1. Values

Global justice, human rights, and values 
 

This stream examines how dynamics in and between local, national, European, and international legal orders can raise questions of fairness, inequality, accountability, legitimacy, and sustainability. It investigates how legal rules and instruments can be used to safeguard these values and reflects on the extent of integration and fragmentation in and between these orders.

This stream also examines how national, international, and European law are or could be used to address political, economic, criminal, environmental, social, and military challenges, and how they relate to domestic policies. It discusses whether the idea of global justice is achievable and to what extent it entails extraterritorial obligations for issues such as human rights violations, refugee crises, the emergence of pandemics, the threat of terrorism, or the transgression of planetary boundaries. Other important themes include the role of different actors in the national, European, and international legal orders, whether there are interdependencies between these orders, and how they influence each other.

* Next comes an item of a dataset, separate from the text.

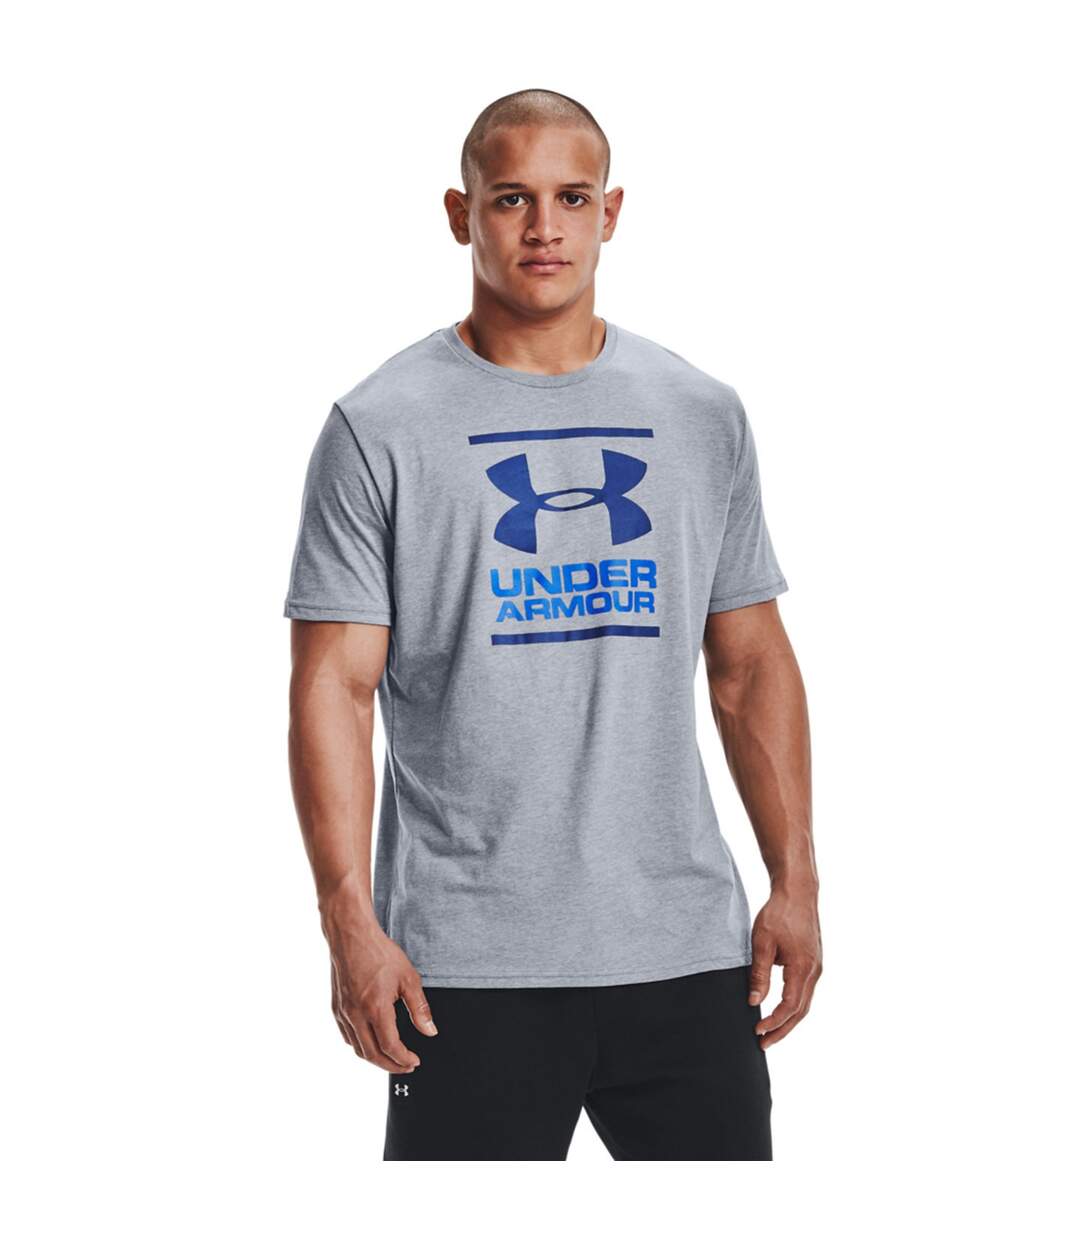 Under Armour - T-shirt FOUNDATION - Homme (Gris clair chiné / Bleu / Bleu foncé) - UTRW8342
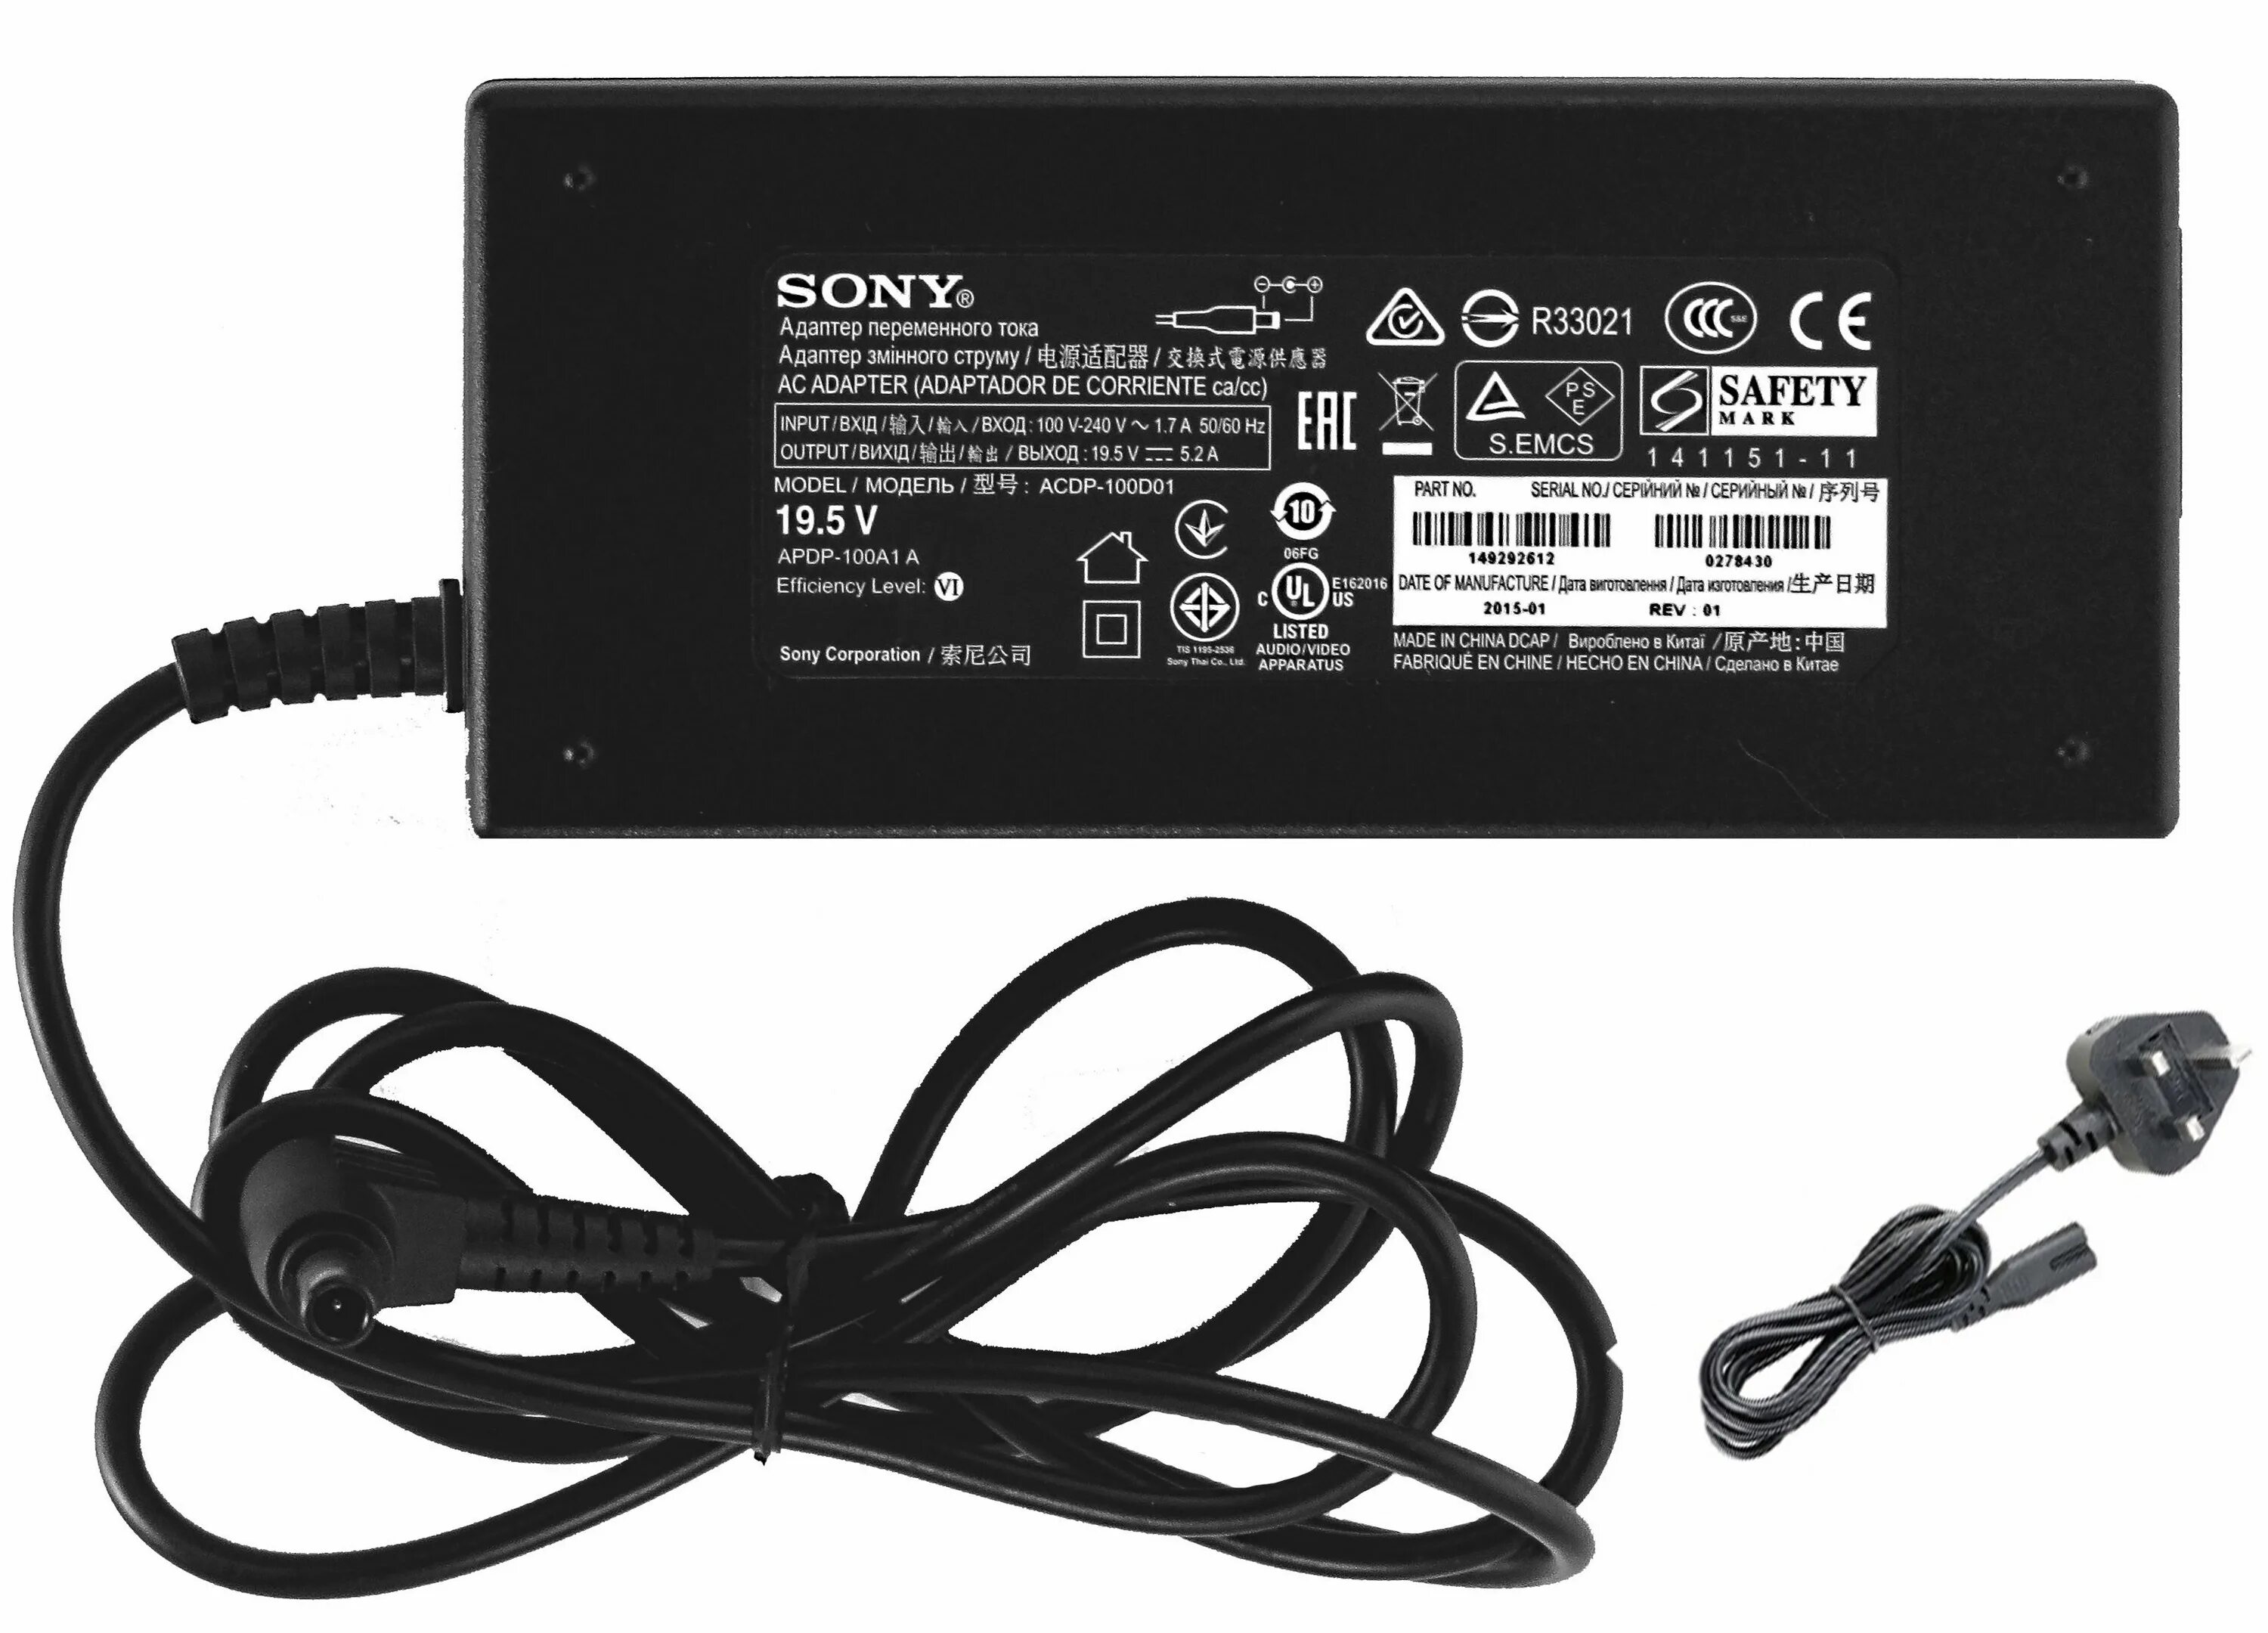 Блок питания для телевизора Sony 19.5v. Адаптер переменного тока для телевизора Sony 19.5v. Блок питания для телевизора сони 19.5 вольт. ACDP-100d01. Питание телевизора sony

The rights-related research in this stream investigates the appropriate scope of economic, social, and cultural rights, and to what extent these rights impose or steer policy making at the national, European, and international level. It also examines the relations between national, regional, and international law, for instance in the context of the European Union or in sub-fields and policy areas, such as security, migration, climate change, digitalisation, social security, and criminal law. Special attention is given to the relationship between the EU and the Council of Europe systems, as well as their interaction with national legal orders.